◆ **Instructions for the task**
Please repeat every record exactly, leaving out any pictures.

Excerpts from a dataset
....
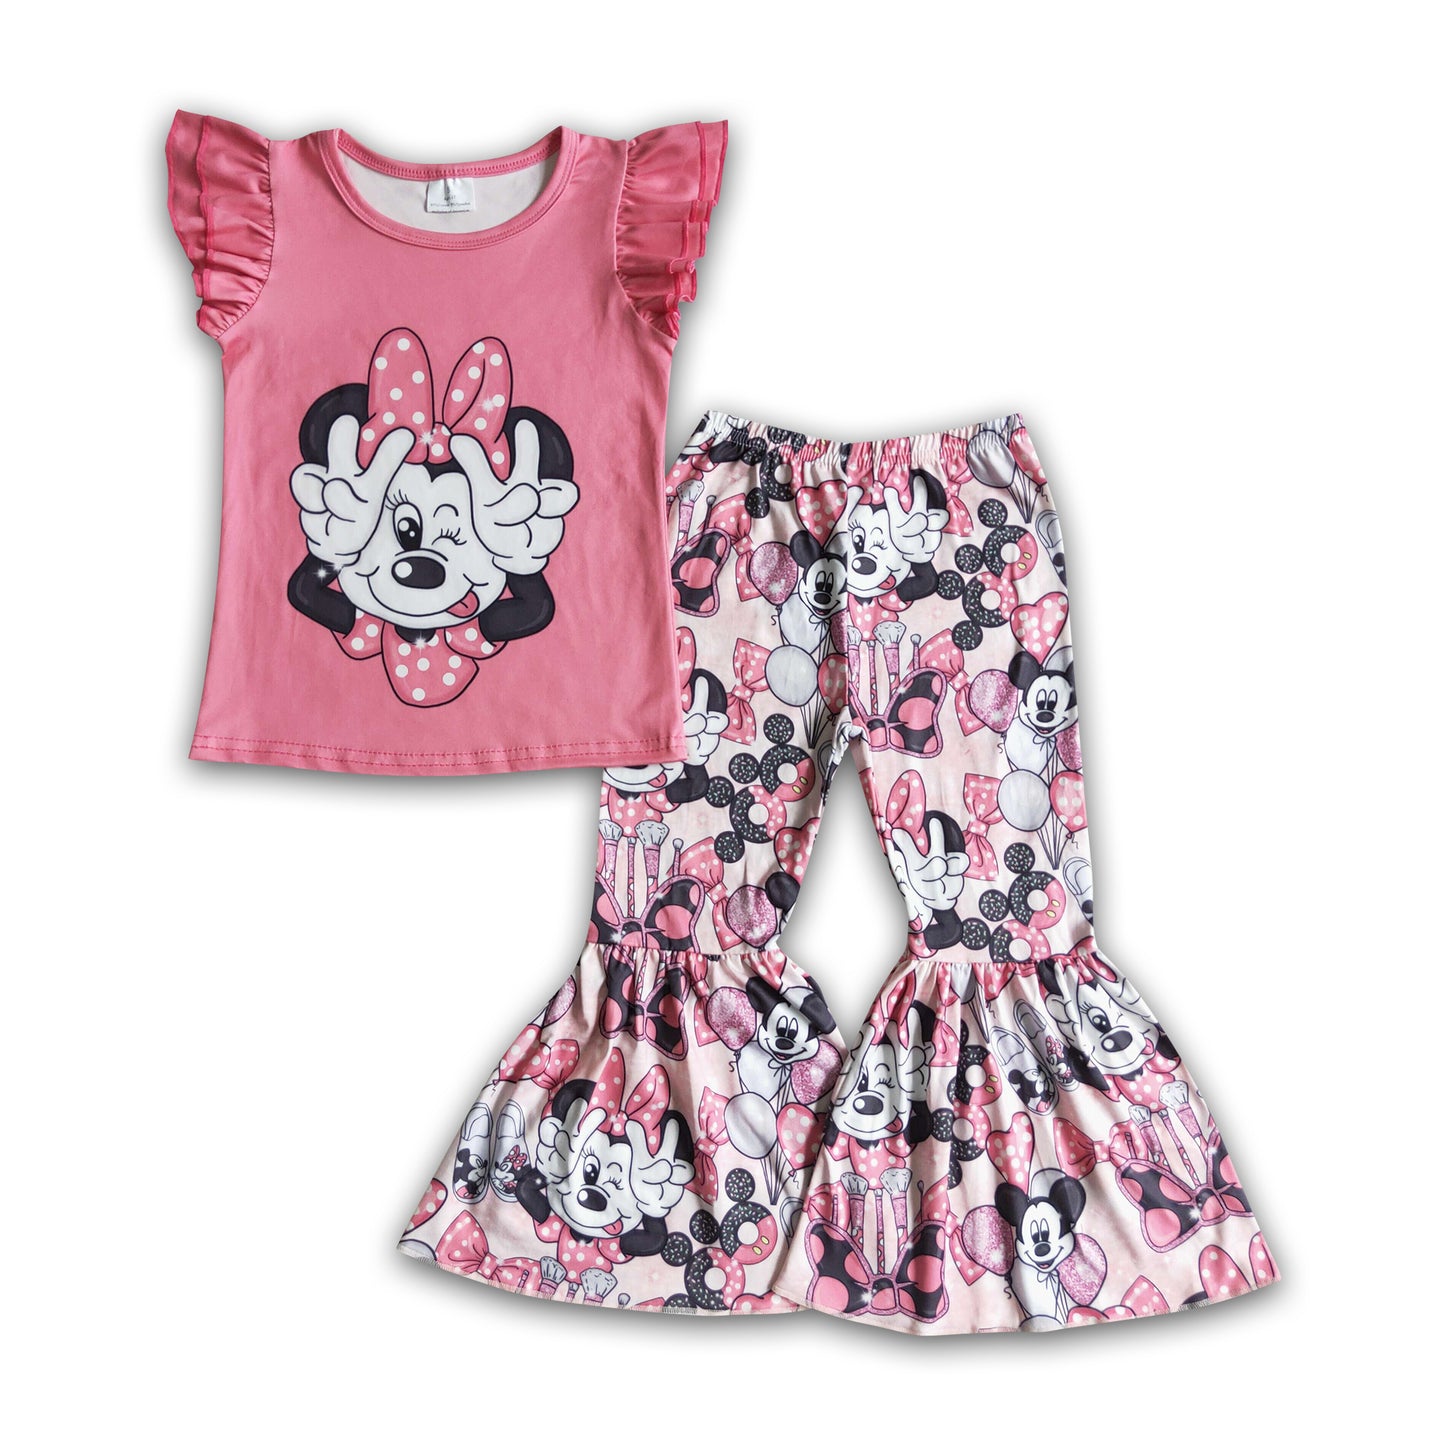 Pink cute shirt mouse bell bottom pants set girls boutique clothes
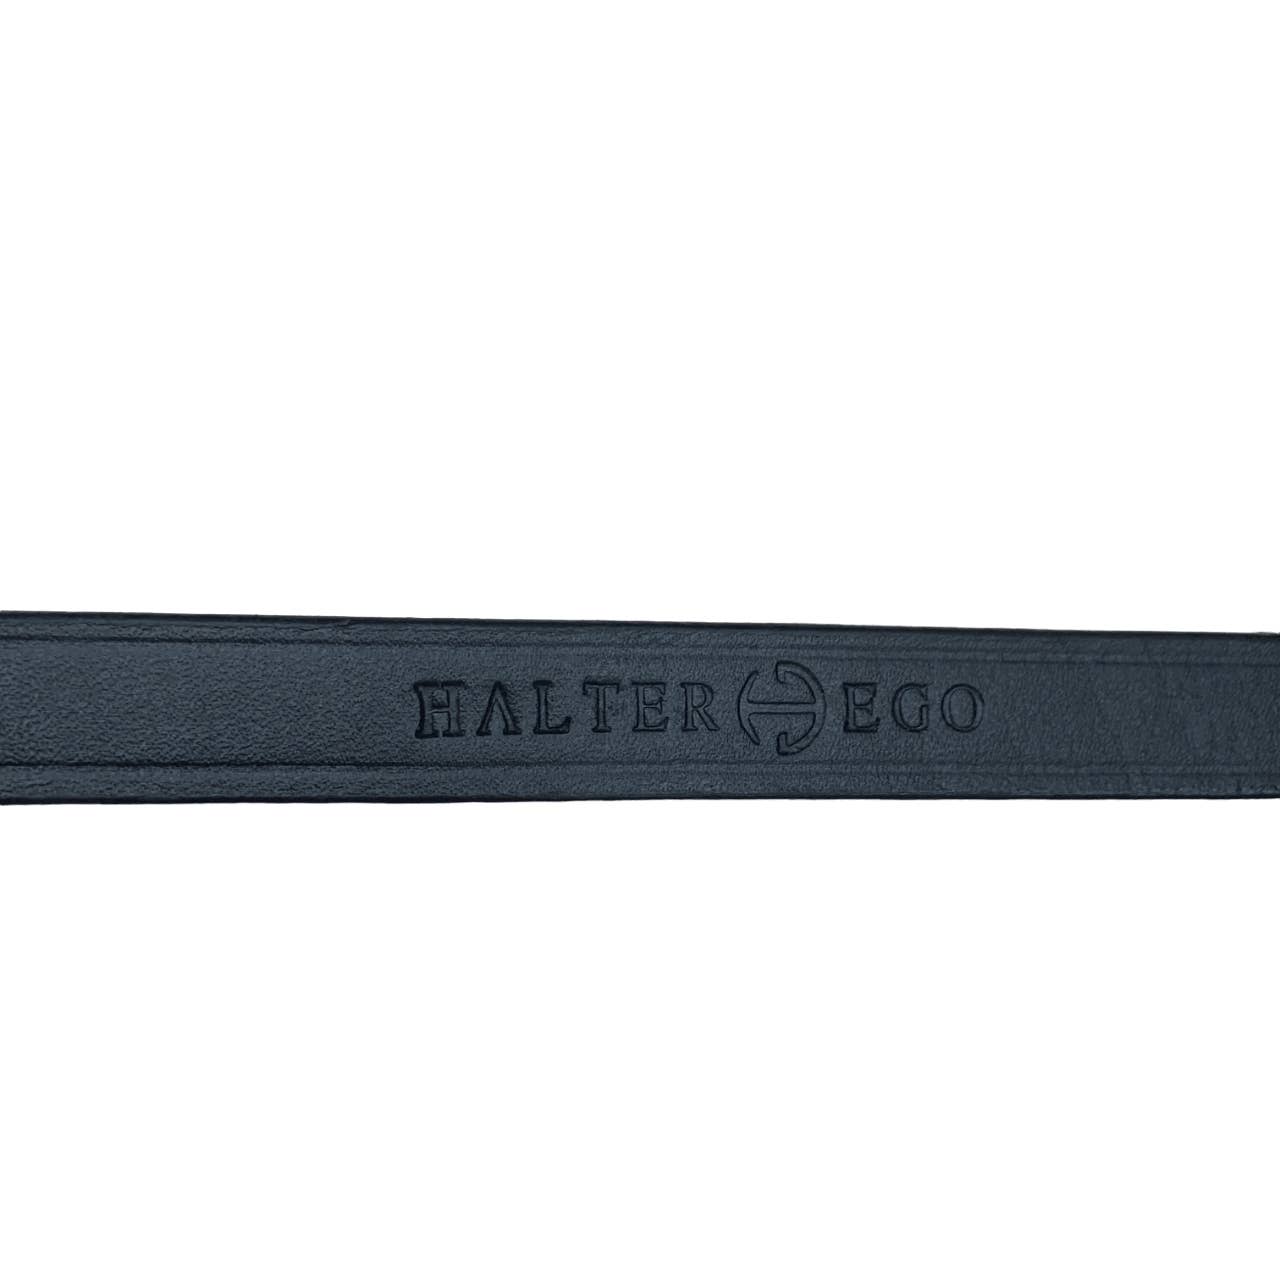 Halter Ego 'Luxury' Rubber Grip Leather Reins in Brown - 54"
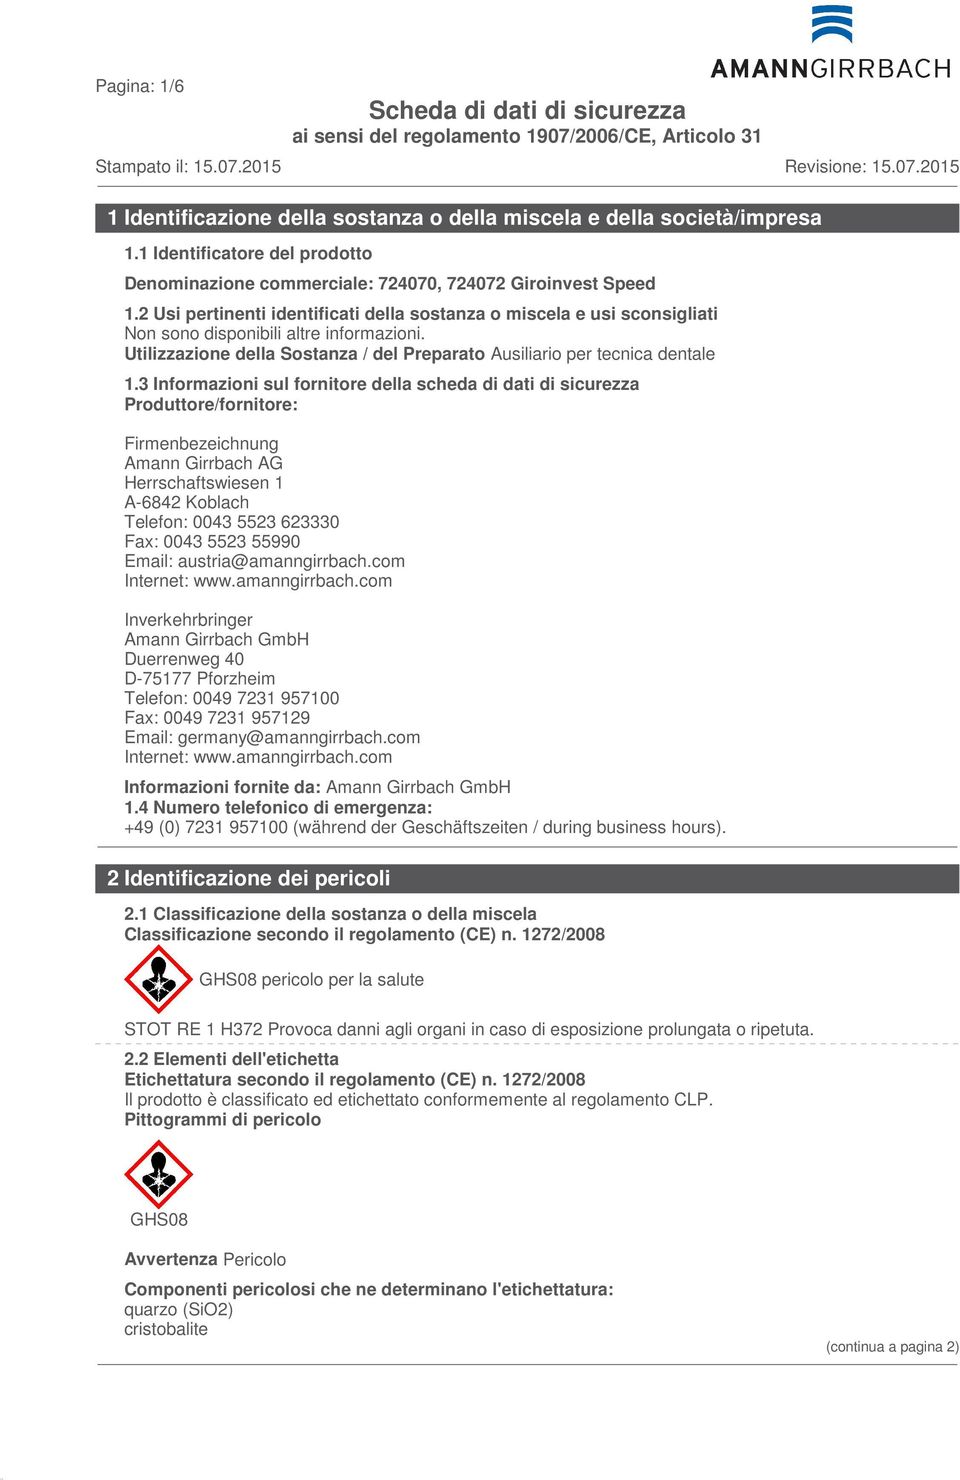 3 Informazioni sul fornitore della scheda di dati di sicurezza Produttore/fornitore: Firmenbezeichnung Amann Girrbach AG Herrschaftswiesen 1 A-6842 Koblach Telefon: 0043 5523 623330 Fax: 0043 5523
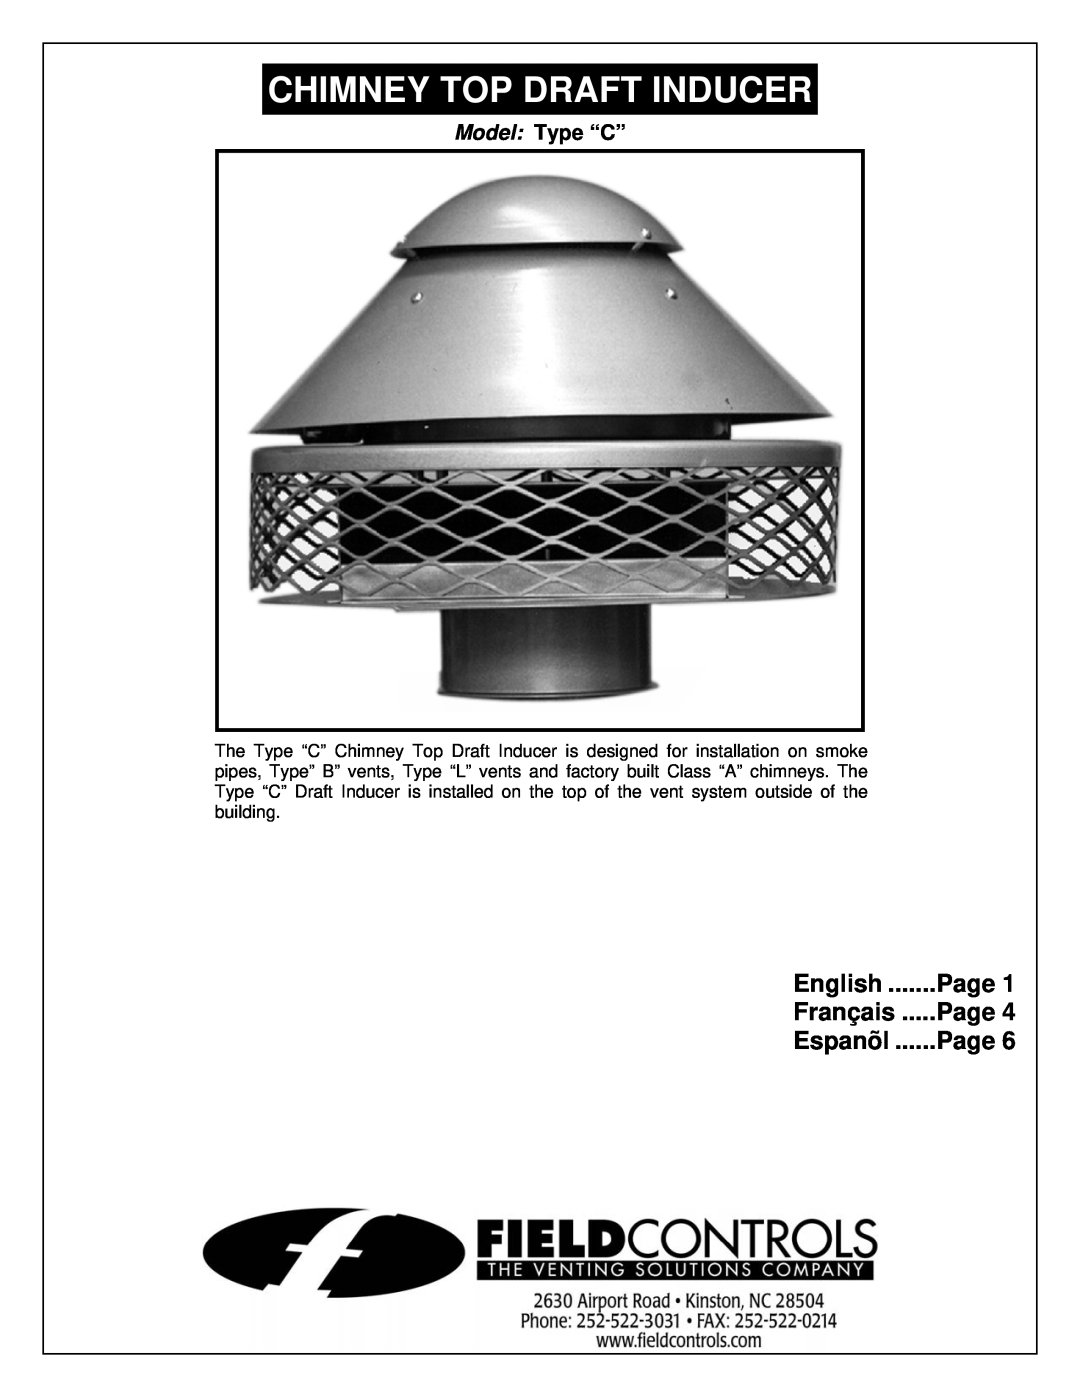 Field Controls TYPE "C manual Chimney Top Draft Inducer, Model Type “C”, English, Page, Français, Espanõl 
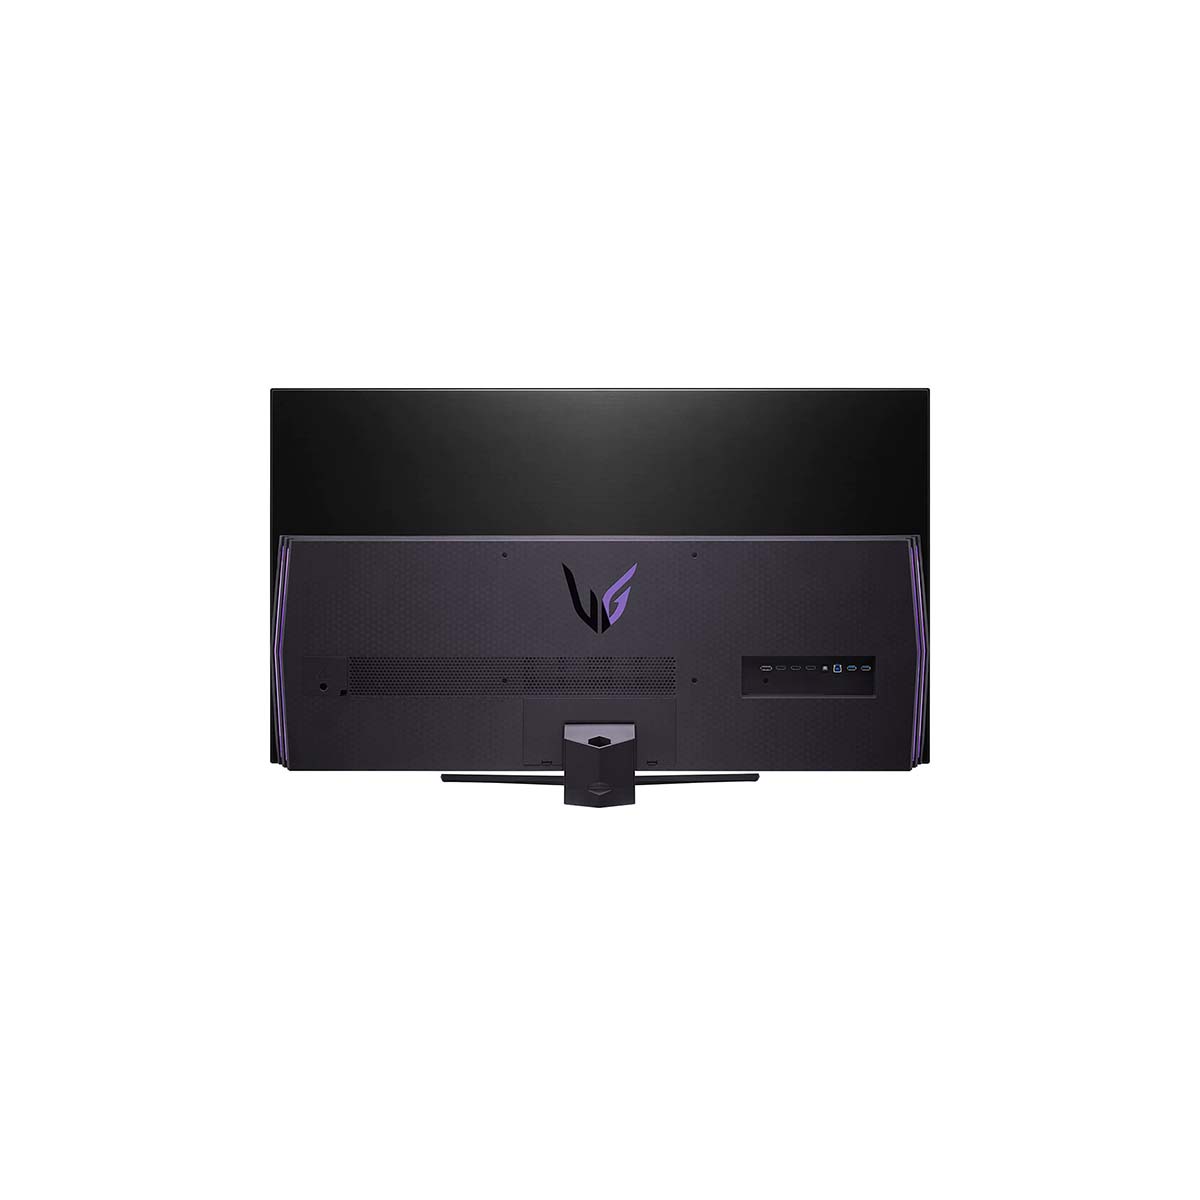 Monitor OLED 48 Gaming UltraGear 120 Hz - 48GQ900-B
....
◆ **Your solution**
 Pink cute shirt mouse bell bottom pants set girls boutique clothes
 Halter Ego 'Luxury' Rubber Grip Leather Reins in Brown - 54"
 3 Informazioni sul fornitore della scheda di dati di sicurezza Produttore/fornitore: Firmenbezeichnung Amann Girrbach AG Herrschaftswiesen 1 A-6842 Koblach Telefon: 0043 5523 623330 Fax: 0043 5523
 Field Controls TYPE "C manual Chimney Top Draft Inducer, Model Type “C”, English, Page, Français, Espanõl 
 Monitor OLED 48 Gaming UltraGear 120 Hz - 48GQ900-B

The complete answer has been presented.